Of course the sphere has a normal everywhere, but that doesn't mean a given method of computing the normal WORKS everywhere.

ClearAll[normVec]
normVec[f_][u__] :=
  Block[{vars =
       Table[Unique["x"], {Length@{u}}], result}, result =
         Cross @@ Transpose[D[f @@ vars, {vars}]] /. Thread[vars -> {u}];
     Remove @@ vars;
     result]
f[u_, v_] = {Cos[u]Sin[v], Sin[u]Sin[v], Cos[v]};
normVec[f][u, v]

{(-Cos[u])*Sin[v]^2,
   (-Sin[u])*Sin[v]^2,
   (-Cos[u]^2)*Cos[v]*Sin[v] -
    Cos[v]*Sin[u]^2*Sin[v]}

(I haven't normalized, but neither did you.)

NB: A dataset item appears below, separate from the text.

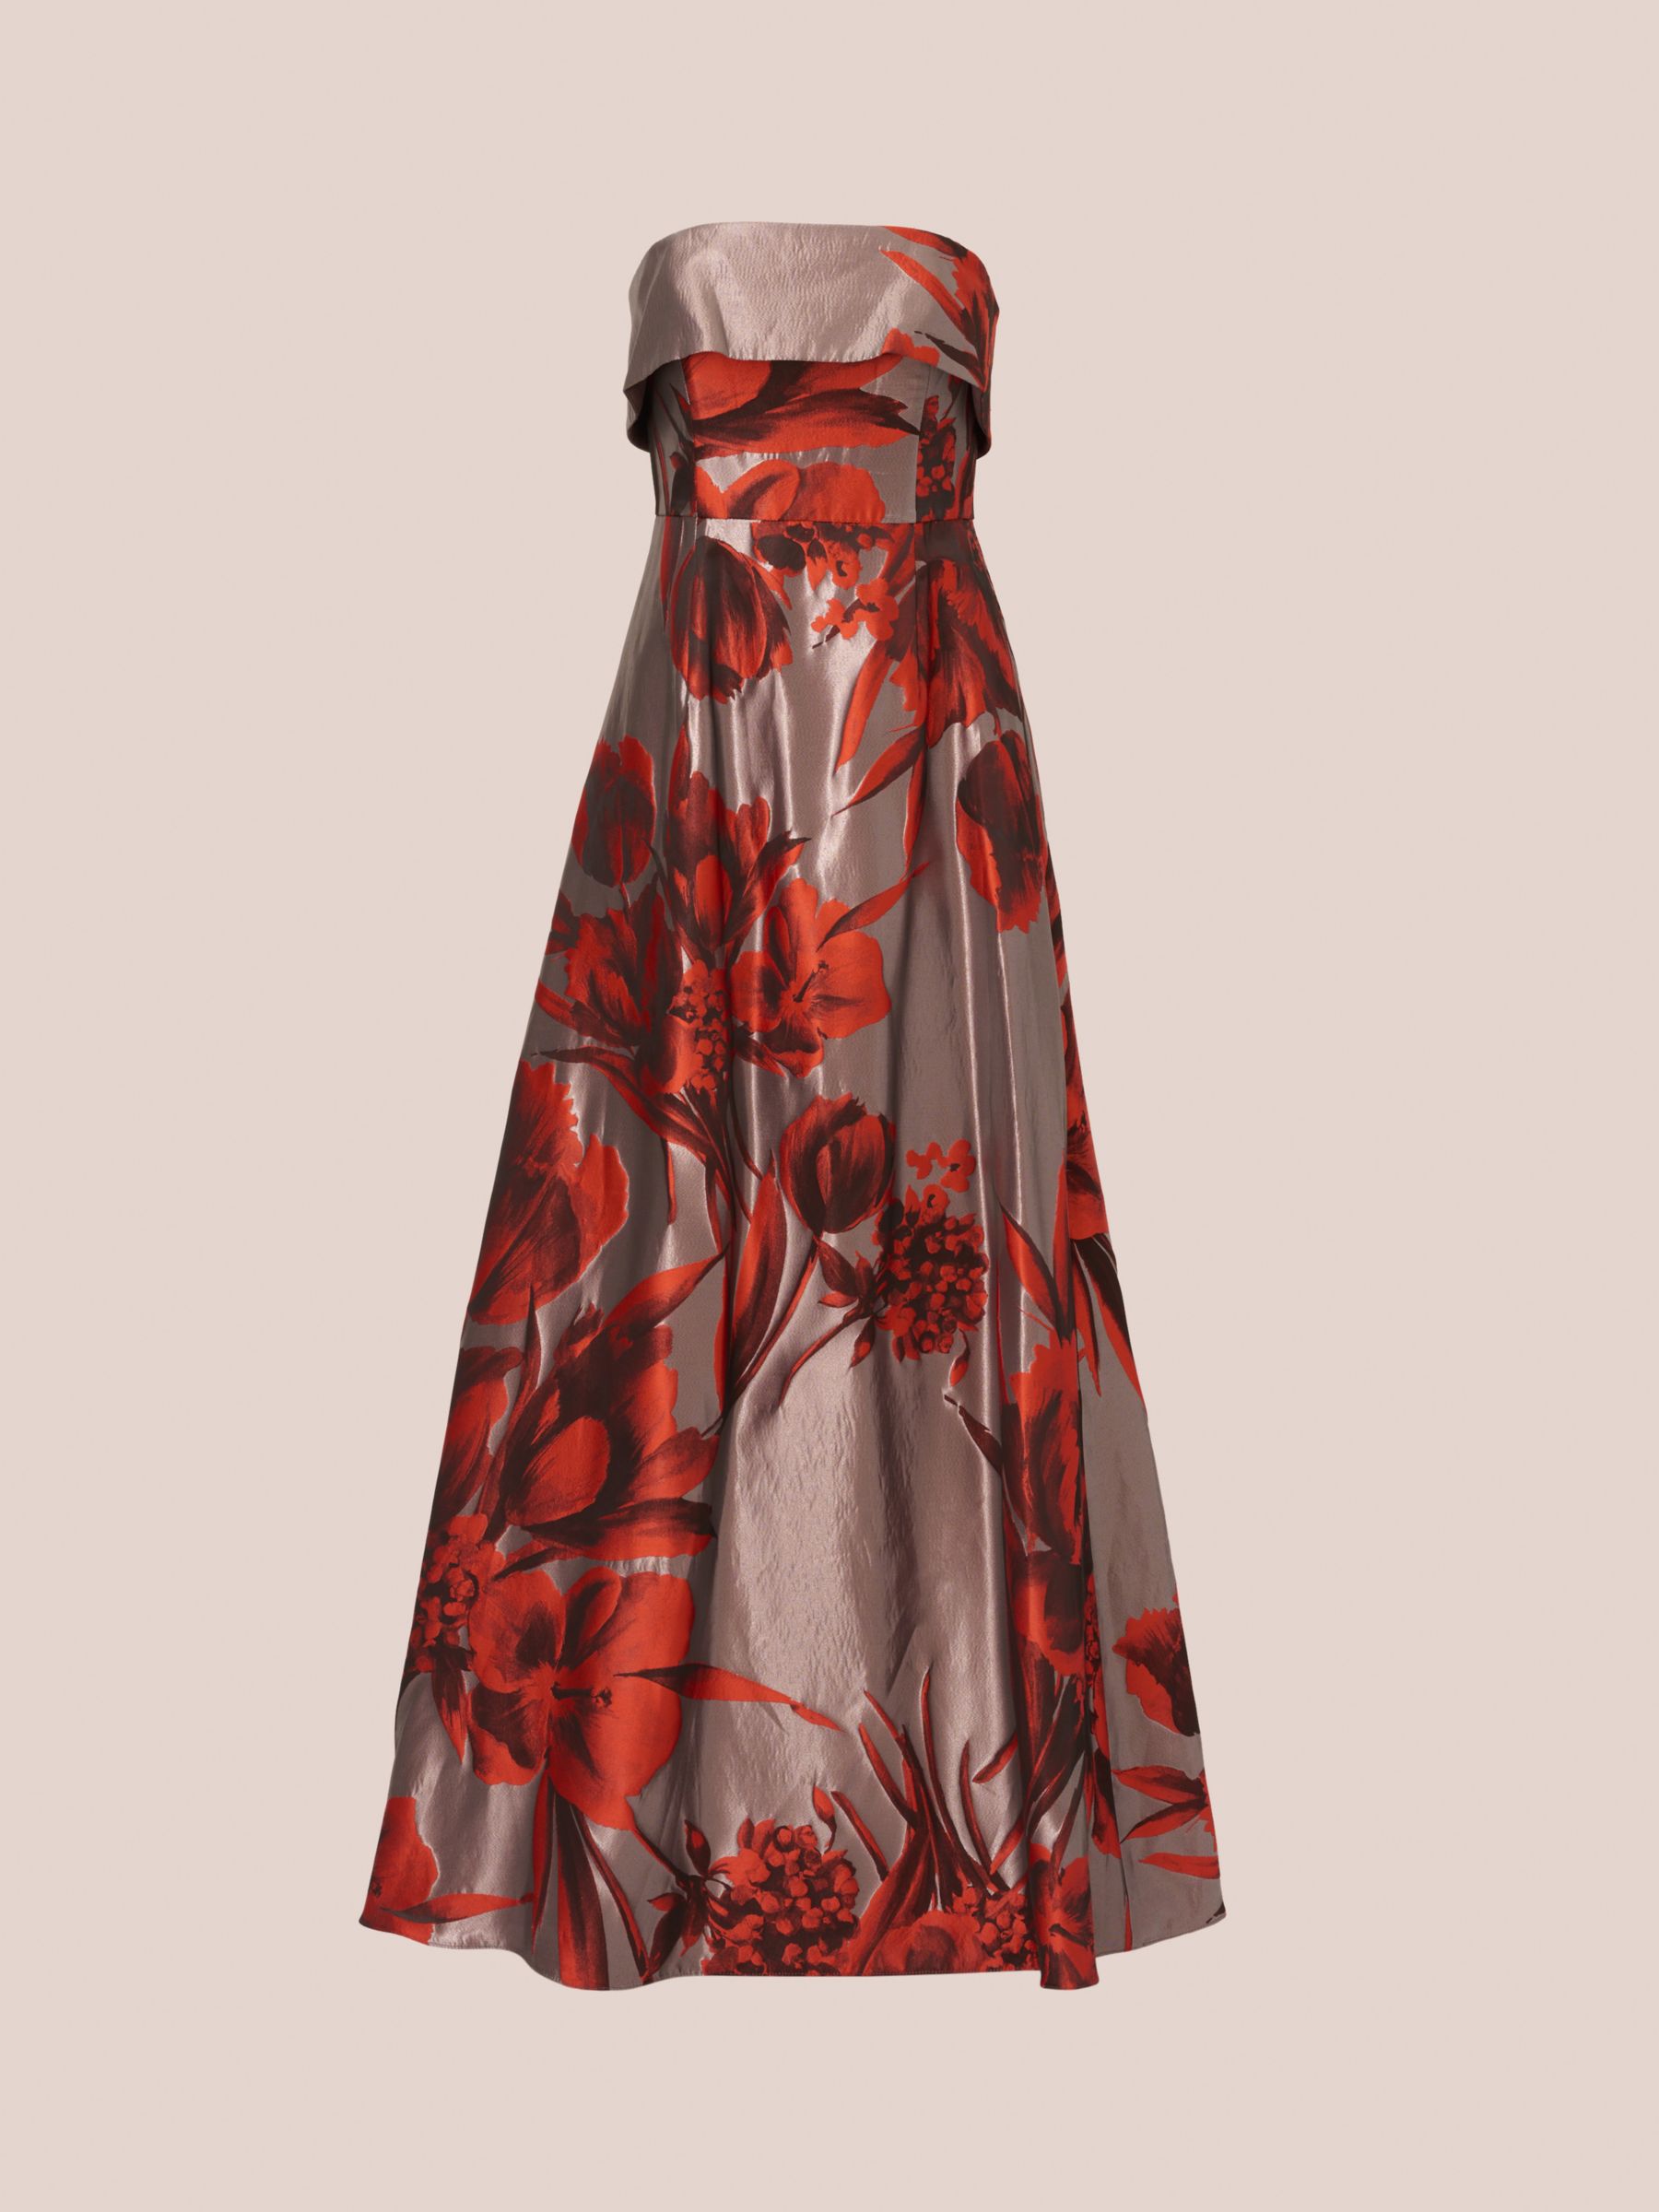 Buy Aidan Mattox by Adrianna Papell Strapless Floral Jacquard Maxi Dress, Rust/Multi Online at johnlewis.com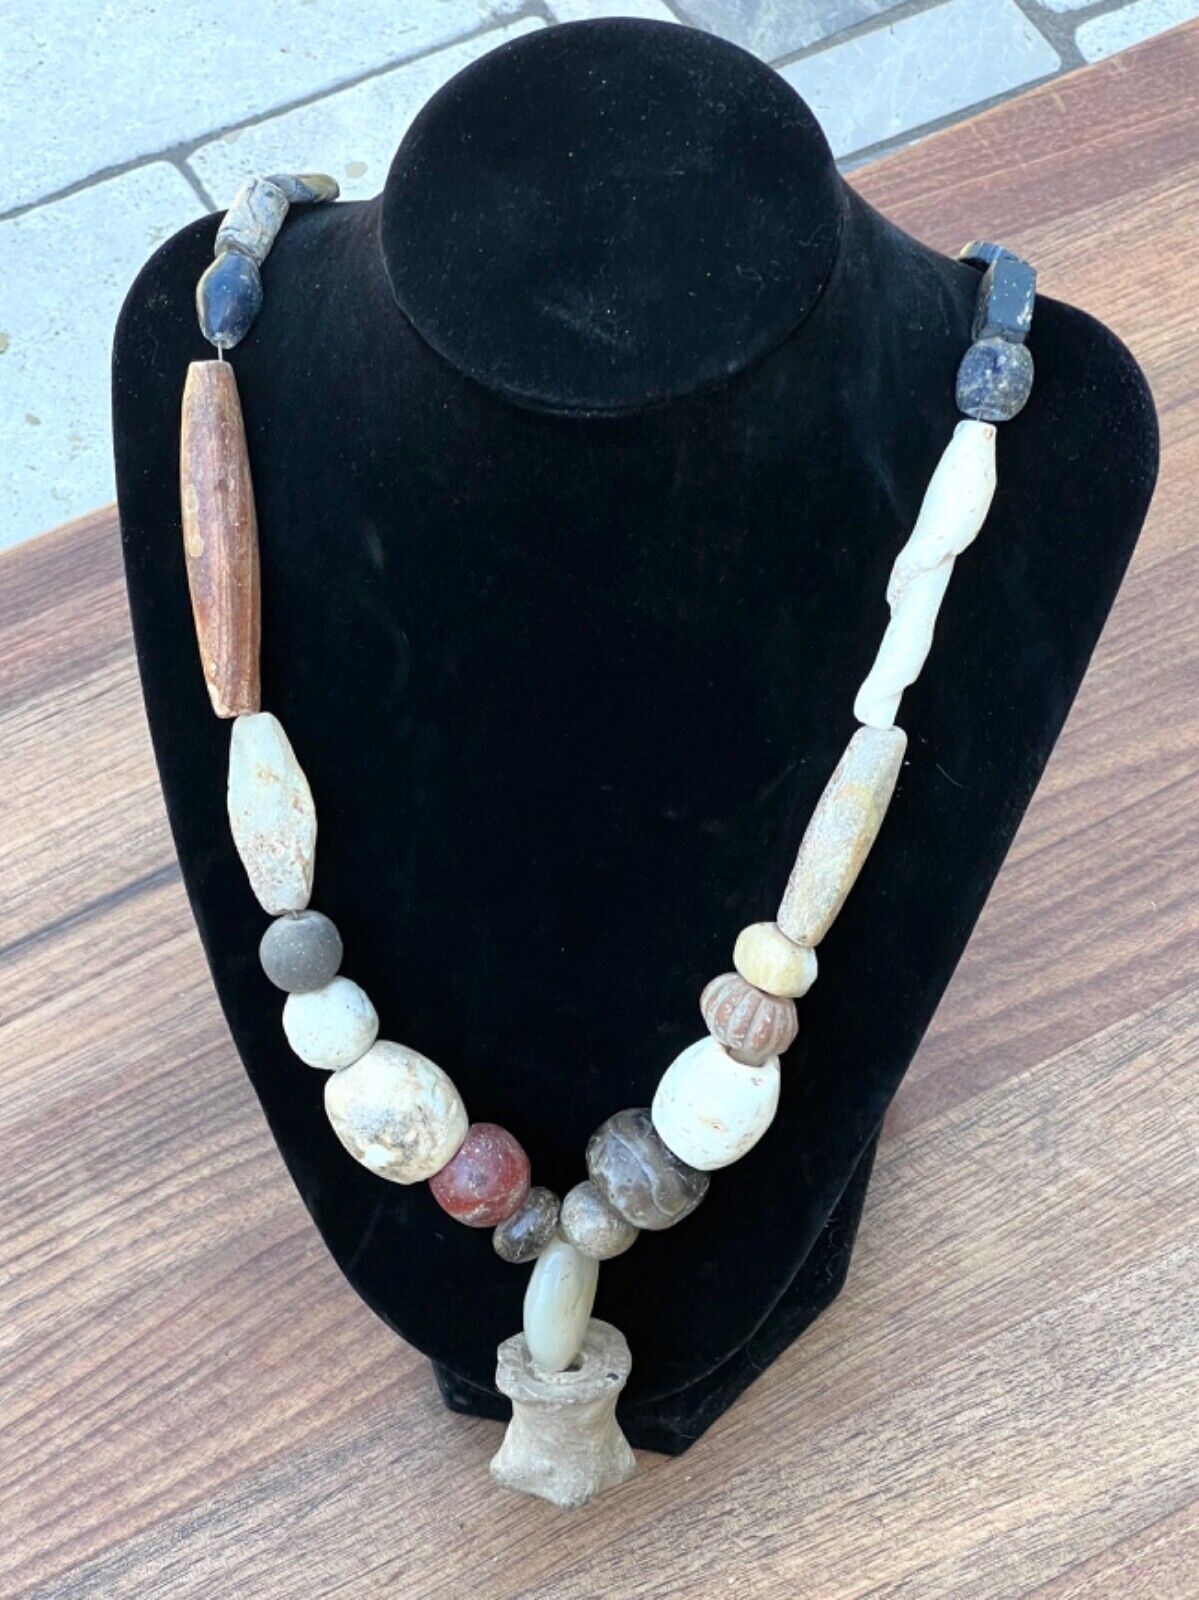 Ancient Glass, Stone and Ceramic Bead Necklace - Wearable

If you substitute u = v = 0, that's certainly the zero vector:

normVec[f][0,0]

{0,0,0}

Now consider the vectors used in the cross product:

showCross[f_][u__] := Block[{vars = Table[Unique["x"], {
     Length@{u}}],
         result}, result = cross @@ Transpose[D[f @@ vars, {vars}]] /. Thread[
       vars -> {u}];
     Remove @@ vars;
     result]
showCross[f][0,0]

cross[{0,0,0},{1,0,0}]

Clearly, that cross product is zero. But why is the first vector all zeroes?

Well, it's simply because:

D[f[u, v], {u}]
% /. v -> 0

{-Sin[u] Sin[v],Cos[u] Sin[v],0}

{0,0,0}

And that's for ALL values of u, so:

normVec[f][u,0]

{0,0,0}

That doesn't look good, but think about it. You started with a "parameterization" of the unit sphere. But it's not a one-to-one mapping:

f[u,0]

{0,0,1}

If the parameterization f is no good at a point, the normal can't be computed using f at that point.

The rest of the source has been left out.